Comedy (Adjacent) Spotlight: The Curse

PhotoRichard Foreman Jr./A24/Paramount+ with SHOWTIME

When thinking about The Curse, I oscillate between categorizing it as a comedy vs. categorizing it as a drama. Neither category truly seems to fit. Its idiosyncratic, strange and funny nature makes for a less than comfortable fit in the drama category, yet its deeper and darker themes leave it hanging only part-way over the comedy category. With its not-quite-right fit in either, it is something that I would define as a “comedy adjacent” show – that being a show with a lot of comedic elements (oftentimes with the involvement of comedic actors, writers, directors), but that doesn’t fit as easily into the comedy genre.

The line that this show walks – not too heavy to be a drama, yet not too overtly funny to be an out-and-out comedy – is maybe the key to why I find it so engaging. Its tone is a dryly surreal one, balancing the authentic with the heightened to once again not fit quite comfortably in either camp. Some characters are played in more standard fashion (Emma Stone and other more major characters), while others are more absurd and off-kilter (Nathan Fielder, co-creator of the show who brings his strange and comedic energy from Nathan For You), while still others seem to be a quirky combination of the two (co-creator Benny Safdie).  

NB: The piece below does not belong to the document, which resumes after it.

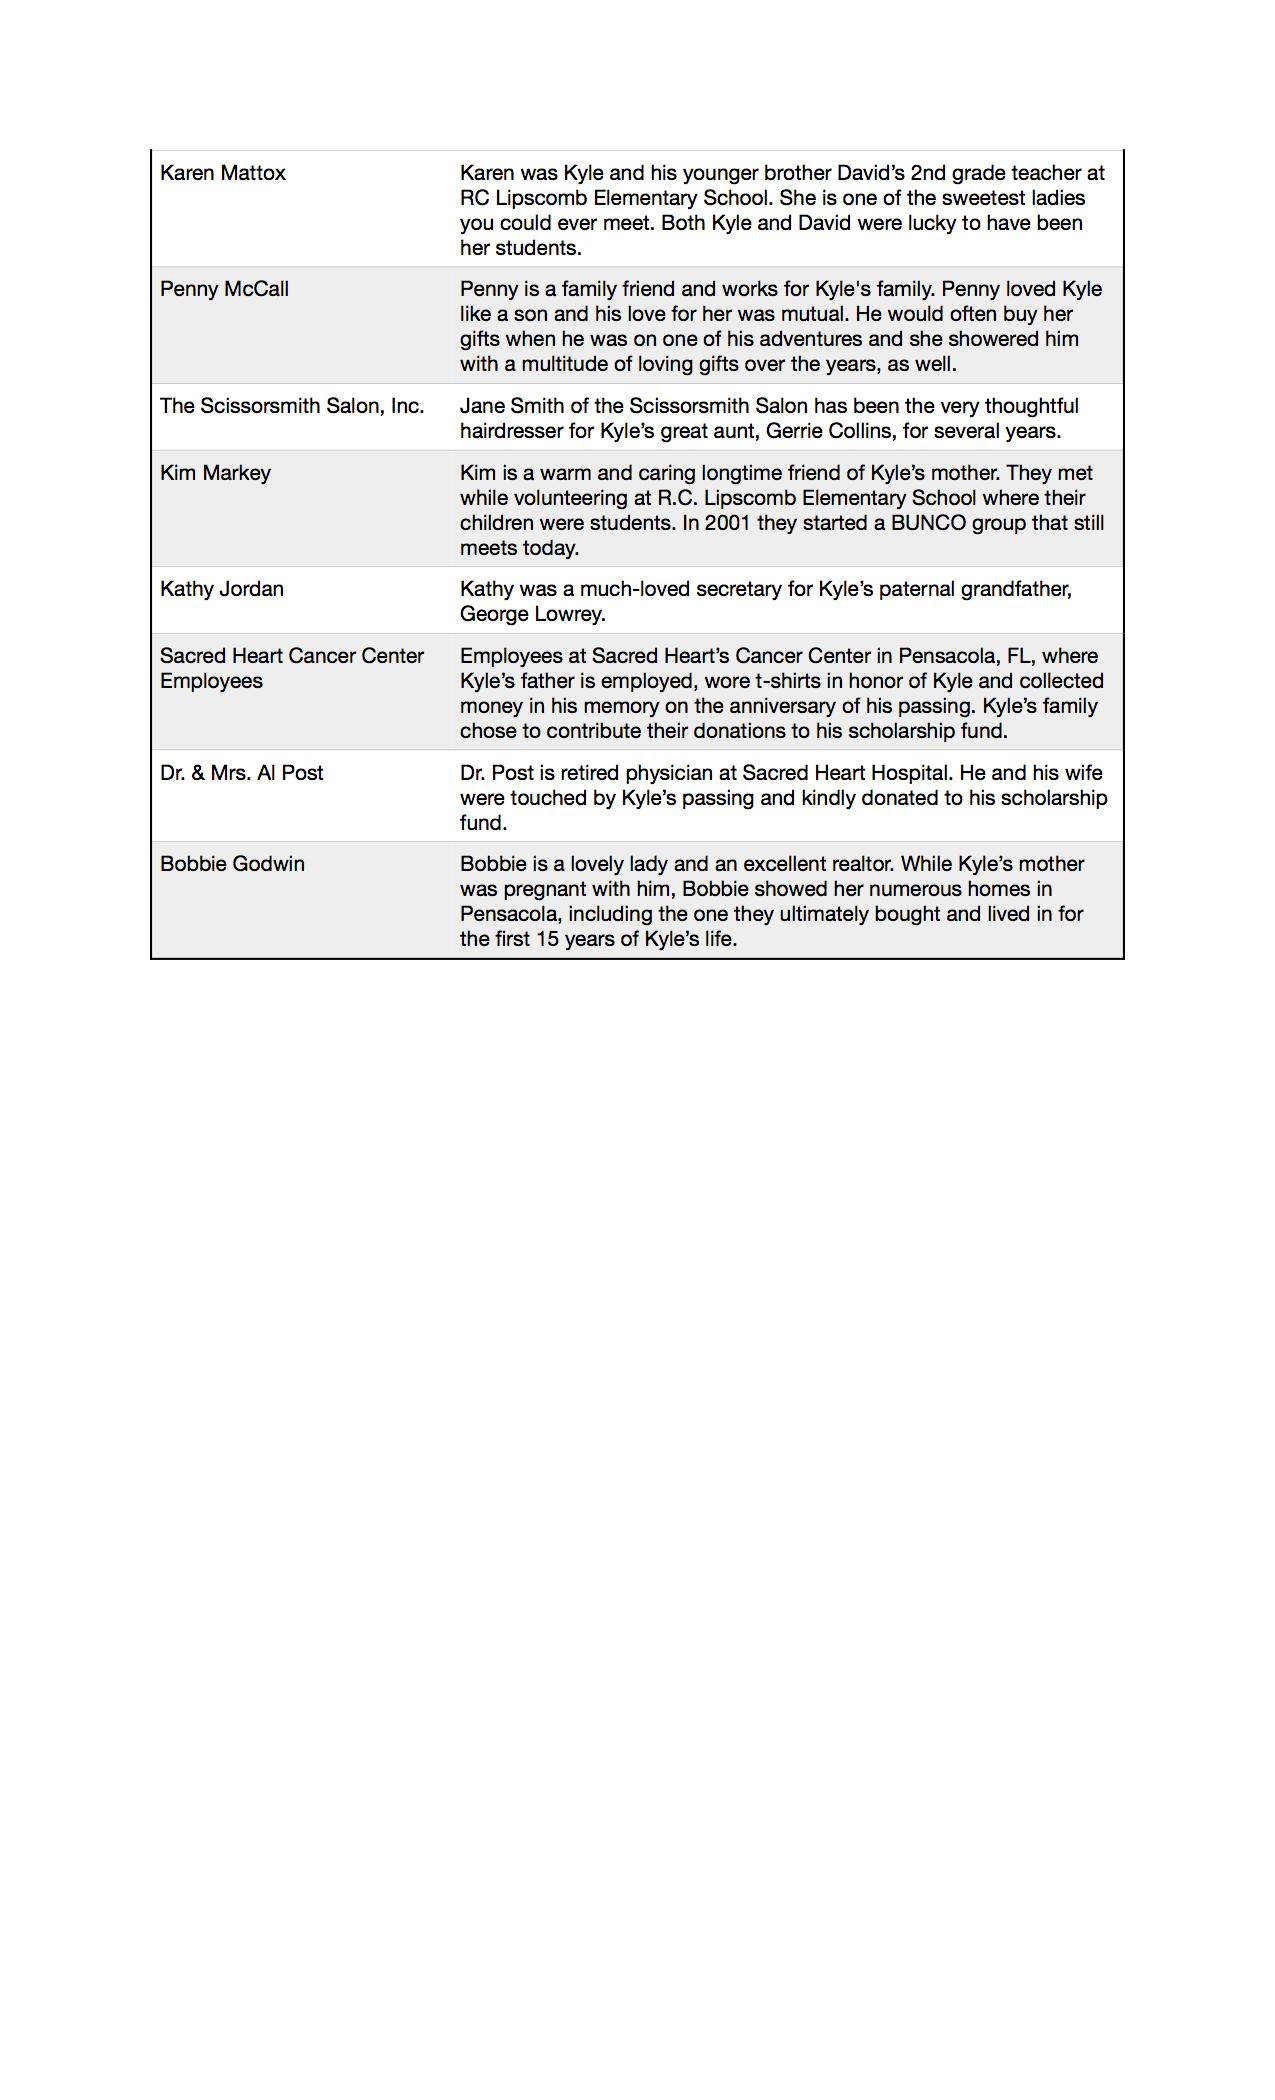 PSC donor list p. 2.jpg
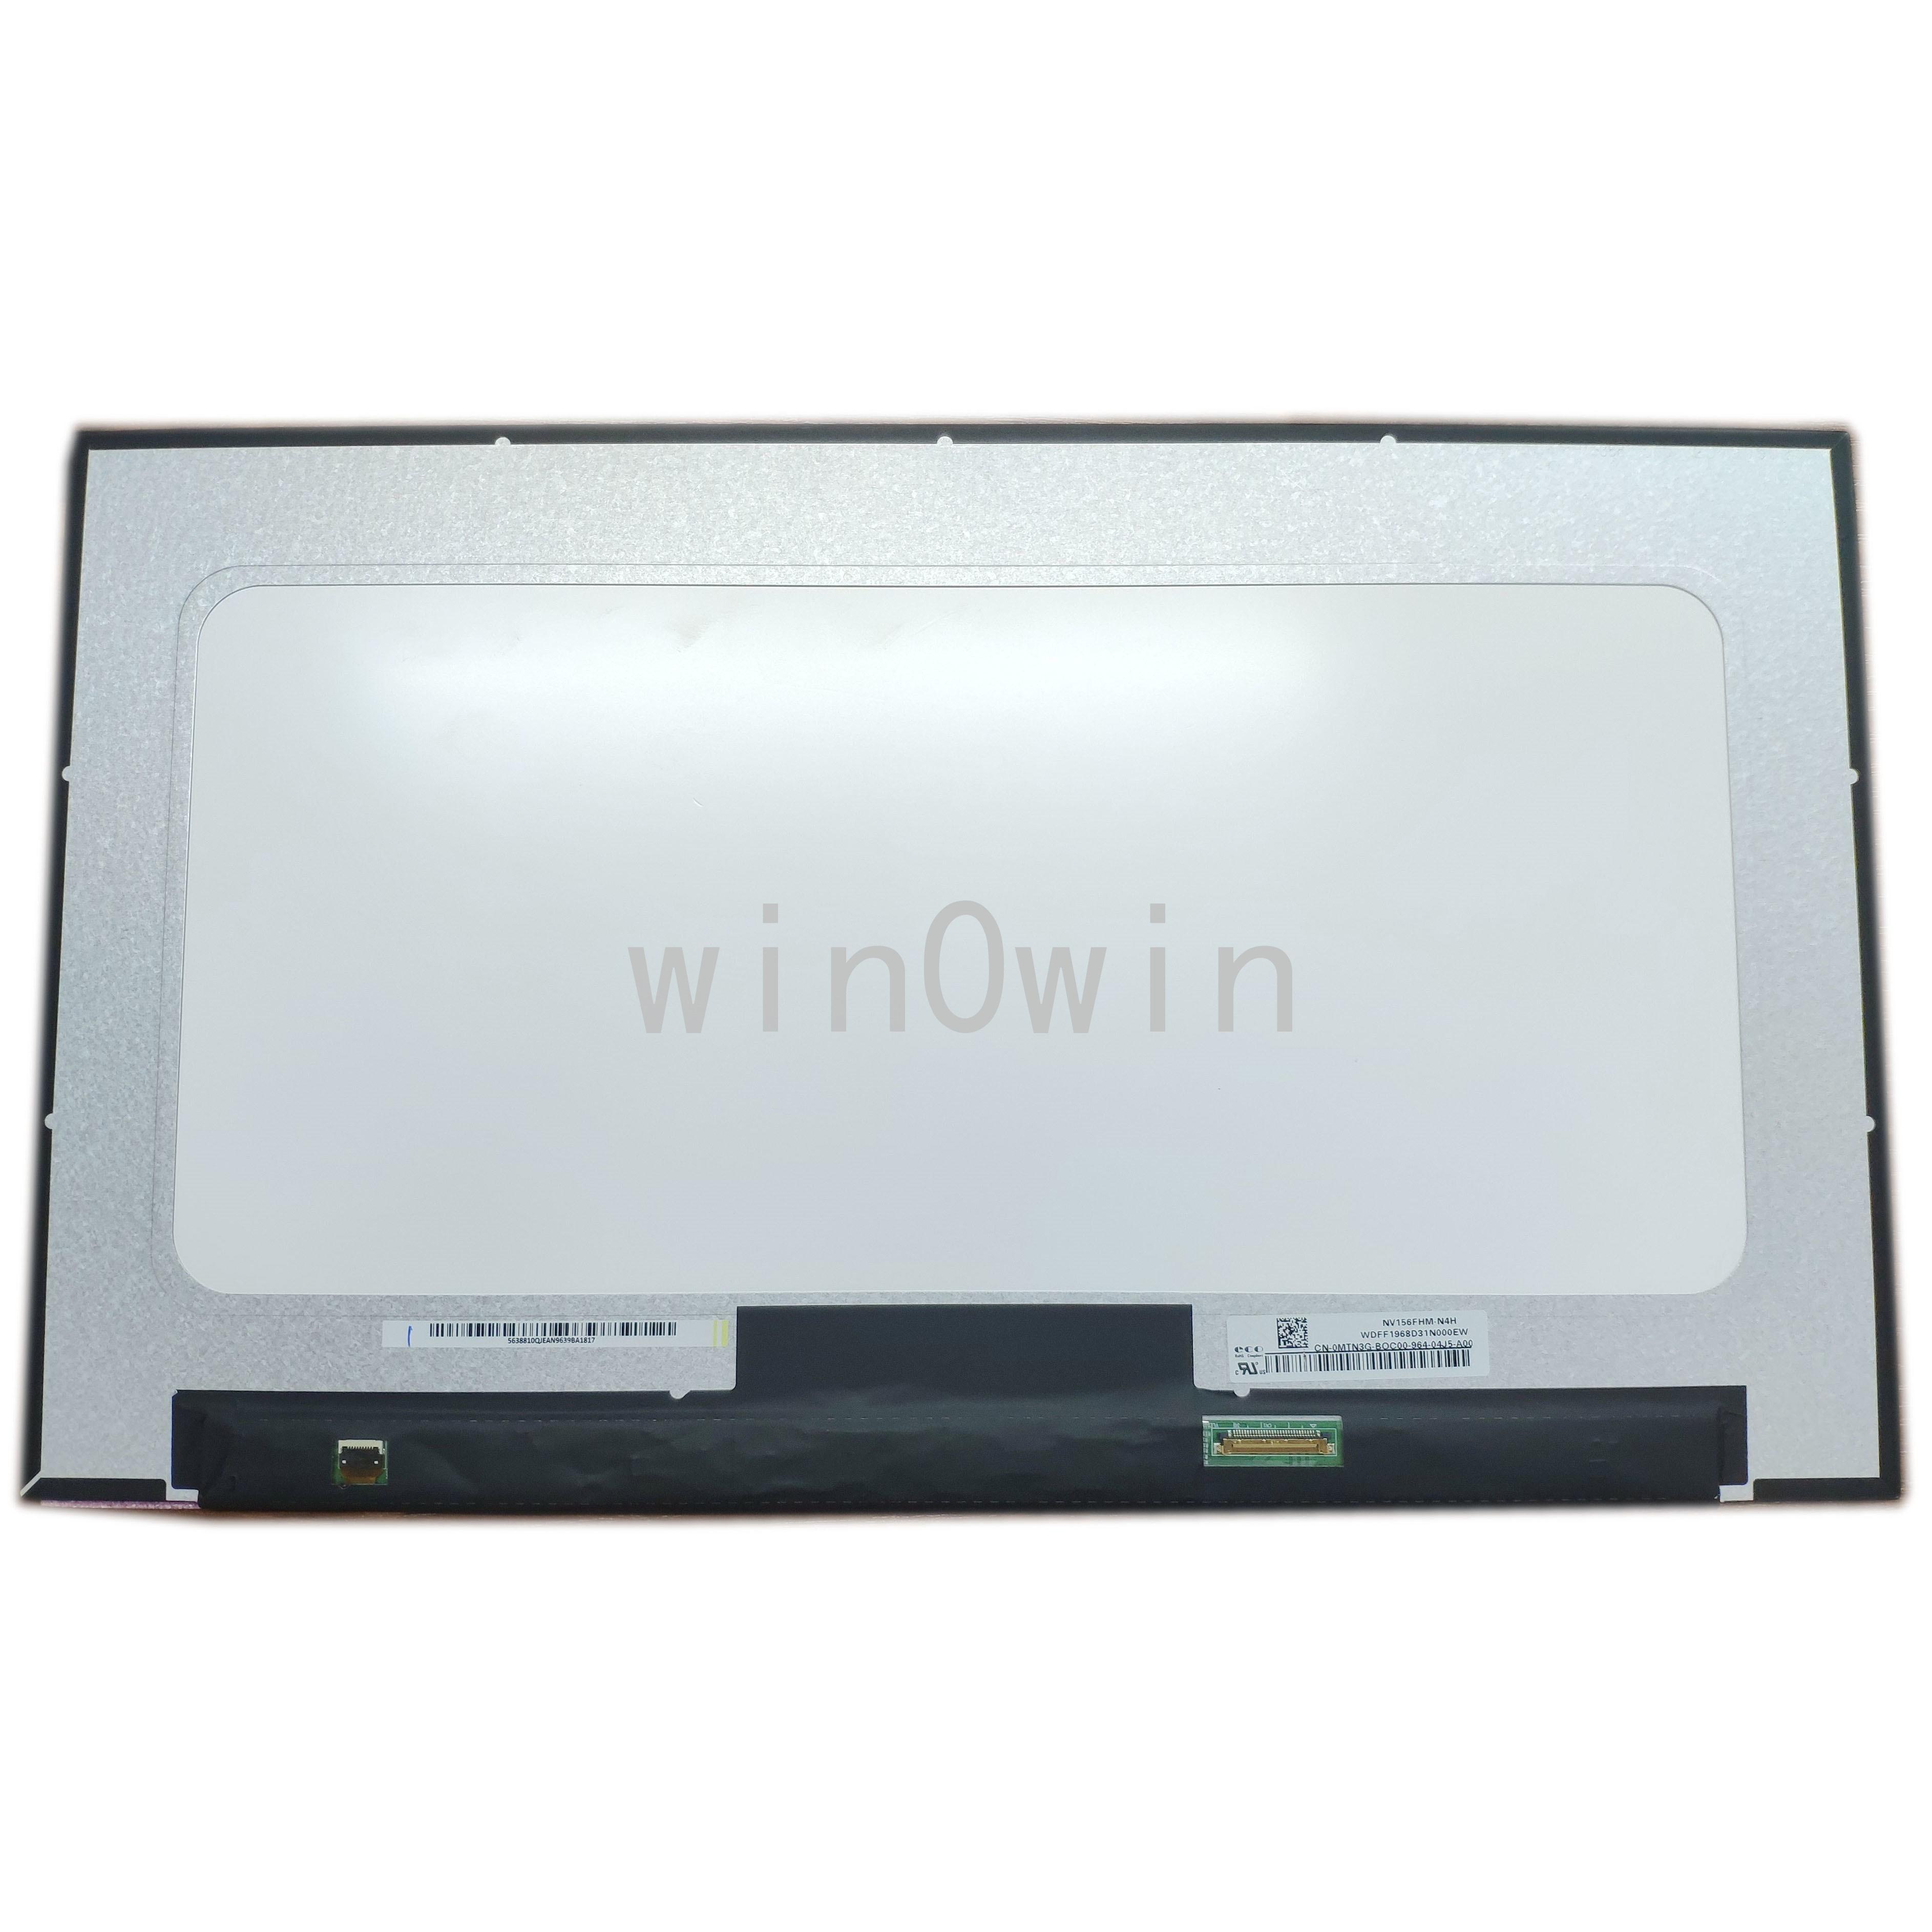 NV156FHM-N4H Fit NV156FHM-N4N V8.0 NV156FHM-N52 NV156FHM-N4L LP156WFC SPM1 B156HAN02.5 1920x1080 IPS EDP LCD SCREEN Panel Matrix

The show lends itself to a unique authenticity. Going beyond the three lead performers, many of the side characters seem to be played by people who are not actors, bringing a unique authenticity to those performances. The show is shot in a very straightforward, flat-paneled way - almost documentary style. Oftentimes, shots are from far away and are held in place, undistracted from different angles and quick editing. It seems to be shot on location in Espanola, NM, where the show is set (some even seem to be hidden camera style, shot in active parking lots or other public places). Very true-to-region topics such as land rights in Native communities and eco-friendly housing efforts in arid climates contribute further authenticity. Storylines often seem mundane and everyday, a number of which includes the decisions that go into making an HGTV-style show and fostering a sustainable eco-friendly community. 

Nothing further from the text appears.